We passed several more tempting pubs and, on The Broadway, the statue of King Alfred. Wantage's most famous son moved to, and died in, Winchester and there's still some argument between the city and the town about who he 'belongs' to. Alfred was King of Wessex from 871-899. The youngest son of Aethelwulf of Wessex he succeeded his brother Aethelred (not the Unready, he came later, this Aethelred was ready alright, ready to die before his twenty-fifth birthday that is) and spent many years 'dealing' with Vikings.

In 878, fresh from victory at the Battle of Erdington, he struck the deal that created the Danelaw and converted Guthrum to Christianity (Teresa helped me out with some history here). What with making concessions to mainland Europe and shifting education from Latin to English it can only be assumed that King Alfred still hasn't been forgiven by Jacob Rees-Mogg who clearly wishes to return to the 9th century (or maybe the Stone Age).

By the time of Alf's death he was England's dominant leader and the first to style himself the King of the Anglo-Saxons. And from that it was a mere 1,119 years before a member of the royal family could marry a mixed race divorcee without creating a constitutional crisis.



Alas, time did not permit us a visit to Wolvesey Castle, Winchester Cathedral, the Butter Cross, or Winchester Castle. Which was a pity as I'd written loads of really interesting facts about them and, after three pints, what more do people want?

Well, a curry of course. The nineteen of us took up half the Gurkha's Inn but we were pretty well behaved. I had a paneer makhani, a chapatti, and shared some saffron rice with Dylan. The only downside of such a large group is you can't talk to everyone. I drowned my 'sorrows' with a couple of bottles of nice cold Gurkha beer. We managed to run up a bill of £407.30! 

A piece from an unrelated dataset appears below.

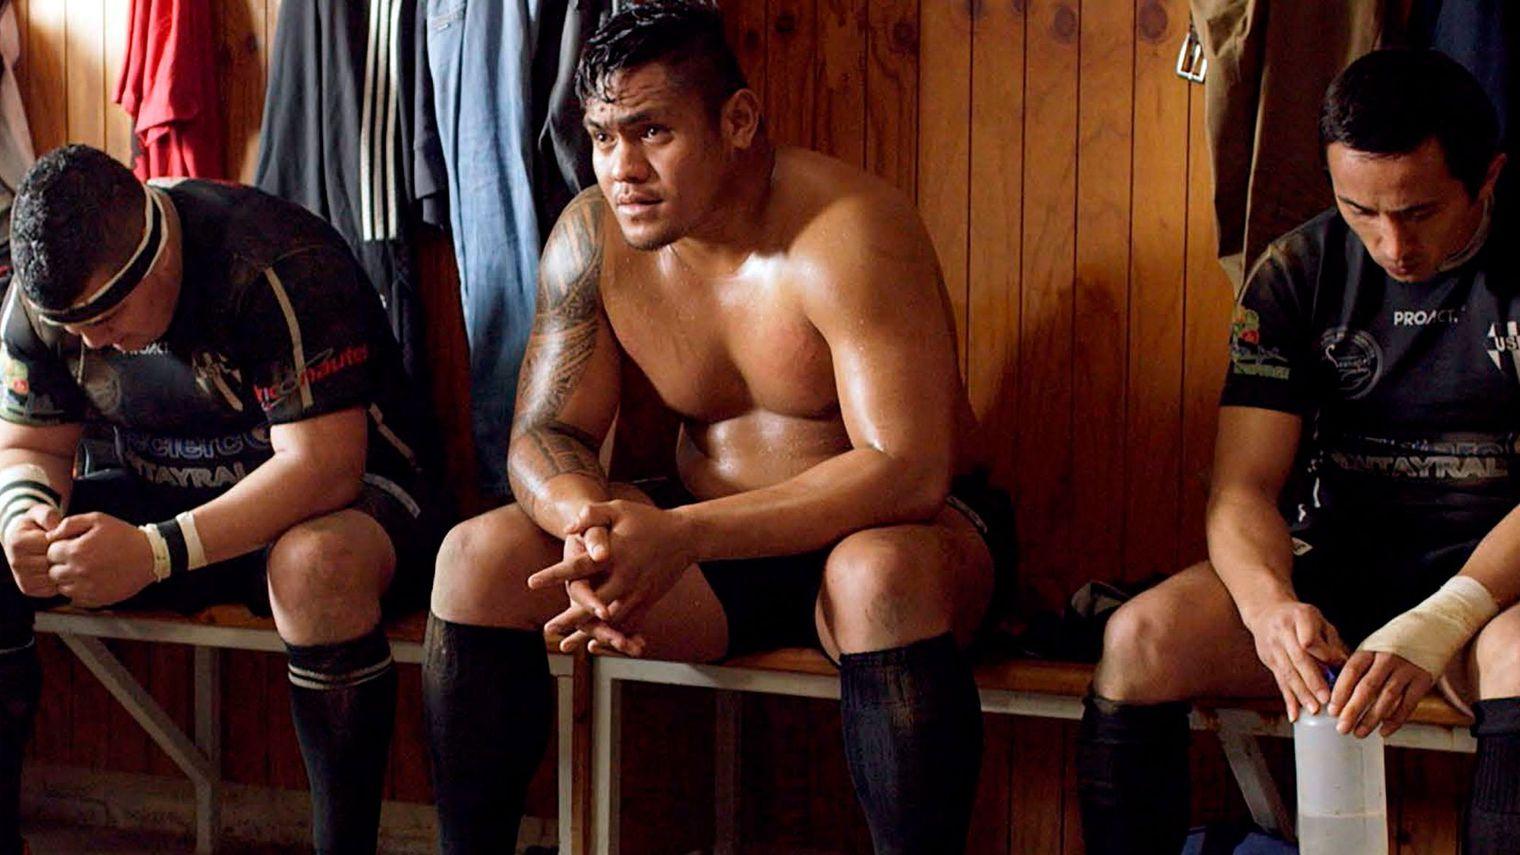 Dans Mercenaire, Toki Pilioko campe le personnage de Soane, jeune wallisien de Nouvelle-Calédonie qui intègre un petit club de rugby dans le Sud-ouest de la France  ©DR

Some of us headed off to the Railway Tavern for another drink. Not the most characterful of Winchester boozers, more like a student union, but plenty of room for shooting the shit about music, comparing tans, and making plans. There were more beers on the train home for me (the Basingstoke lot were going for another drink in Basingstoke, I was sad to miss out) and that can only have added to feeling so 'emotional' at the end of the day.

They weren't the only reason though. It was the feeling of satisfaction of having spent a wonderful sunny day in beautiful surroundings with so many amazing friends that made my heart swell. I'm glad everyone seemed to enjoy it. Now you've had your fun you can get back in training because in June we're back on the hills. Fulking Hill to be precise. The TADS will be walking from Hassocks to Brighton and, as ever, I can hardly wait.